How time flies. It’s been scarcely a month since the National Council on Teacher Quality (NCTQ) released its inaugural ratings of teacher-preparation programs across the country. Already, NCTQ is gearing up for next year’s model, envisioning an annual roll-out via its partnership with U.S. News & World Report.
The first edition was riddled with problems large and small. The small ones involved misunderstandings of institutions and their programs. My own institution—Teachers College, Columbia University—had its undergraduate programs rated for student selectivity, which was quite a trick, as Teachers College is a graduate school with no undergraduate programs. NCTQ no longer lists the undergraduate education program at Barnard College as a Teachers College program, but the organization still completely misunderstands the distinctions among Columbia University, Barnard College and Teachers College. (Pro tip: If two institutions of higher education have different presidents, boards of trustees and endowments, they’re not the same institution.)
The bigger problems are rooted in the design of NCTQ’s ratings, which relied heavily on course syllabi as a source of data about program quality, rather than more direct evidence of how those programs operate, or what their graduates know and can do. Why anyone would find this a satisfactory approach is a mystery to me. There are derogatory terms in the social sciences for brief and superficial assessments of an organization or institution, including “blitzkrieg ethnography” and “drive-by ethnography.” Both seem too generous as characterizations of what NCTQ did in the name of evaluation. Maybe “mail-order ethnography” comes closer.
Will the NCTQ/U.S. News ratings influence prospective students, and the rated institutions, in the way that U.S. News ratings of undergraduate and graduate institutions have? I think it’s unlikely, but not because of the NCTQ methodology. Rather, the ratings are likely to have limited influence because of the institutions that are top-rated.
This year, NCTQ gave four institutions its top score of four stars: Furman, Lipscomb, Ohio State and Vanderbilt Universities. Vanderbilt is a highly selective private institution that draws students mainly from the South; Ohio State is a flagship state university whose undergraduates are overwhelmingly from the state of Ohio; Furman is a modestly sized private liberal arts college in South Carolina, and more than a quarter of its students are residents of that state; and Lipscomb is a private Christian college in Nashville, Tenn., serving a distinctive niche.
All four are fine institutions, but none awards credentials that guarantee access to desirable jobs. Writing more than 40 years ago, sociologist John Meyer looked at what he called a school’s “charter”—its ability to grant exclusive access to desirable future opportunities. Meyer suggested that schools with “strong” charters had more comprehensive effects on their students, in part because outsiders were quick to attribute the link between a school and students’ futures to the qualities of the students. Because attending Harvard Law School pretty much guaranteed access to a prestigious and high-paying job as a lawyer, there was a distinctive sense of what it meant to be a Harvard Law School student.
U.S. institutions of higher education generally have weak charters, with the exception of some elite professional schools in law, business, medicine and engineering. And it’s no coincidence that the most highly rated professional schools in the U.S. News rankings are precisely those whose degrees do serve as passports to good jobs. But regional and niche undergraduate institutions are unlikely to develop strong charters; there will always be good students who choose to enroll in other institutions, and who use those other schools as platforms to launch their careers.
Lipscomb’s status as a niche institution with narrow appeal is demonstrated by its requirements for students majoring in the teaching of biology.

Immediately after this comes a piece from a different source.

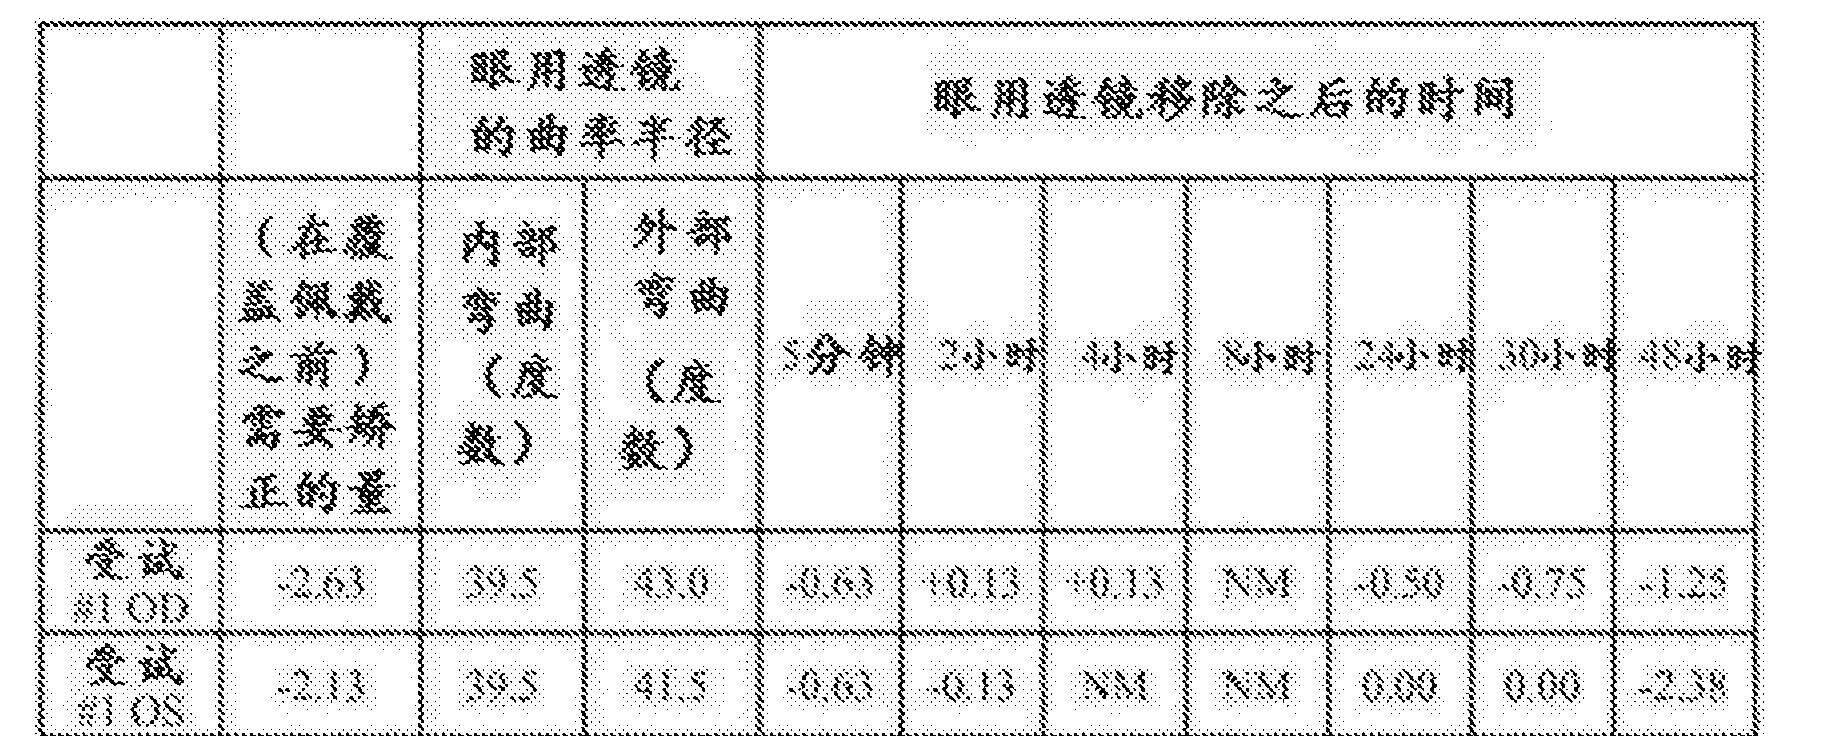 Figure CN104335104BD00461
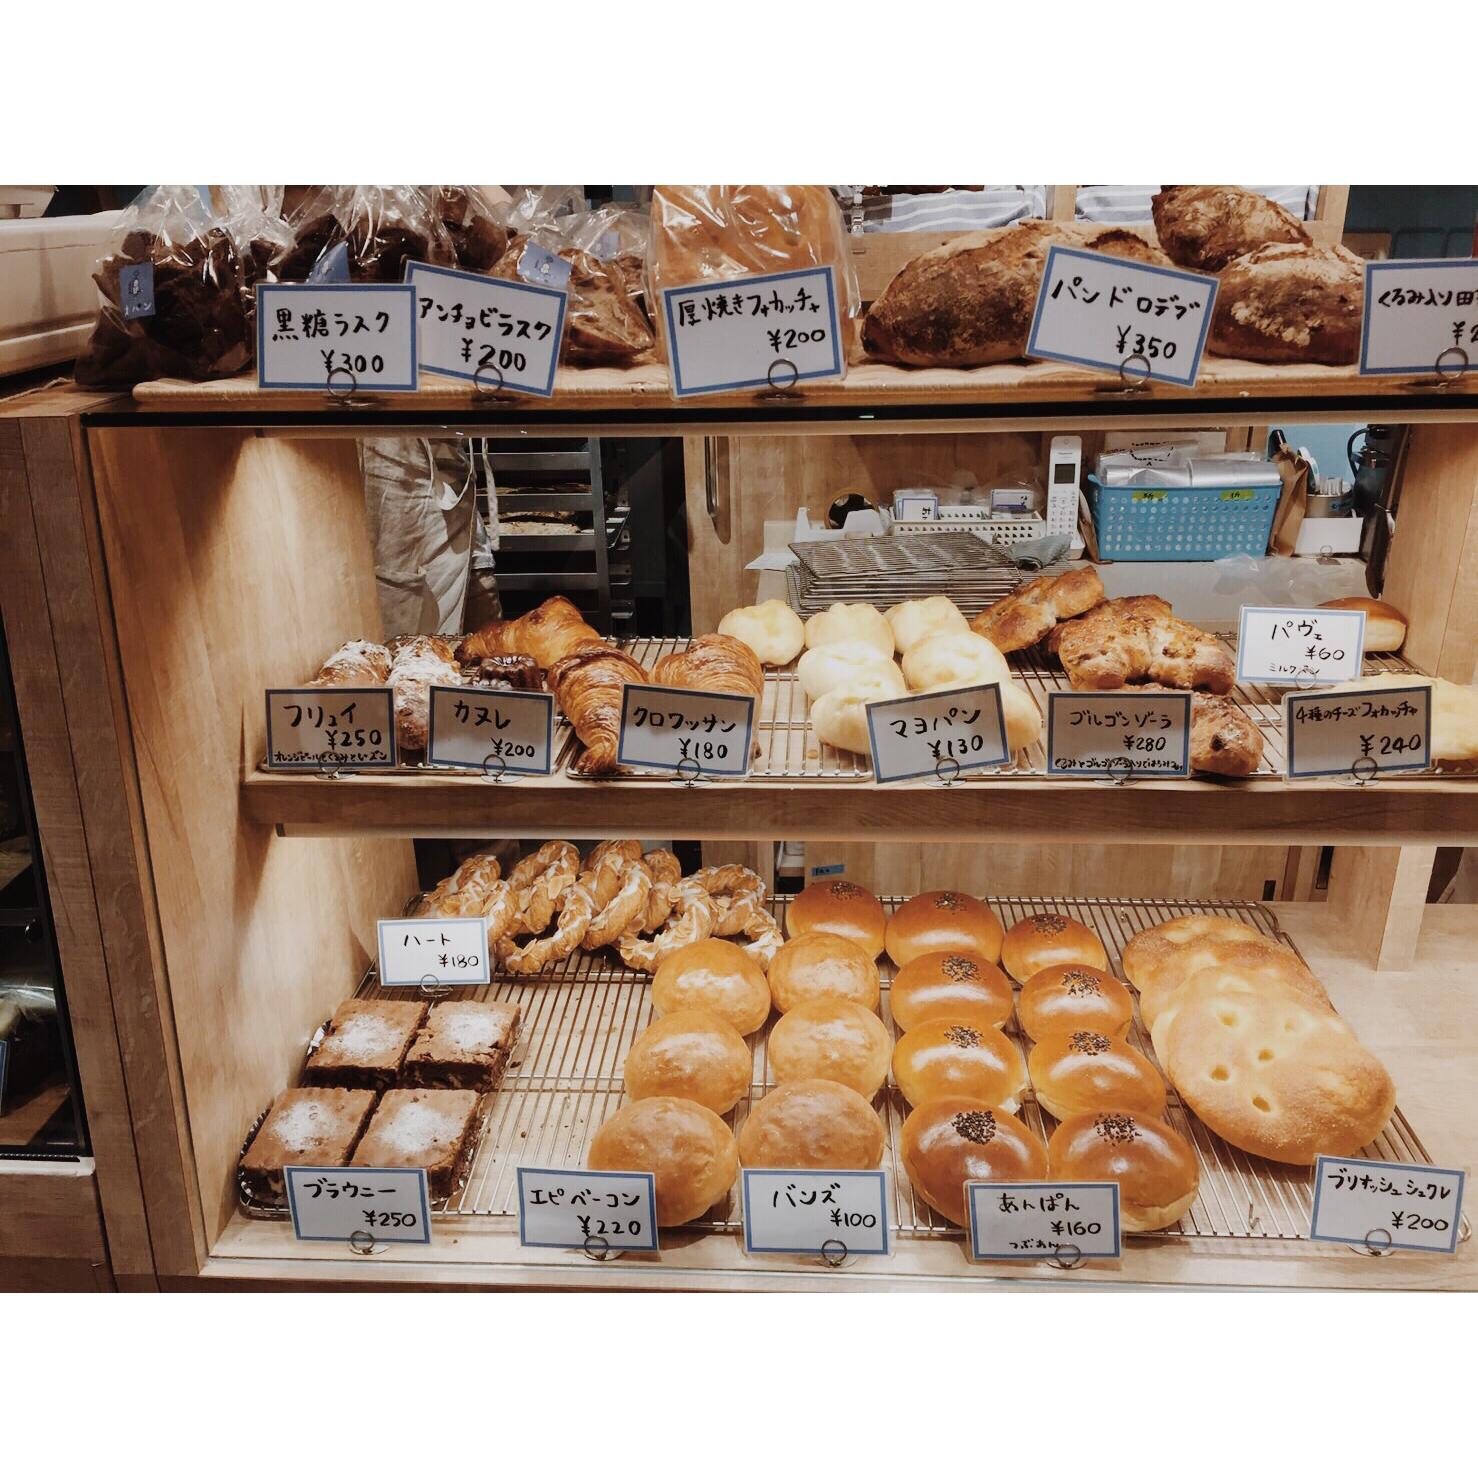 本日のパン棚(2016.09.30)   OPAN オパン 東京 笹塚のパン屋

These students, along with all other undergraduate biology majors at Lipscomb, enroll in a senior Capstone Seminar that examines evolution in religious, historical and scientific contexts. The course description on the Lipscomb website states that the course relies heavily on “books by both creationist and evolutionist apologists.”
Now, Lipscomb officials might respond, “Seriously? You’re going to lampoon our academic program based on a one-paragraph course description on our website?” Well, I don’t have the time to go down to Nashville and talk to faculty or students. If Lipscomb isn’t willing to stand behind its course descriptions, it should take them down, or put up more information.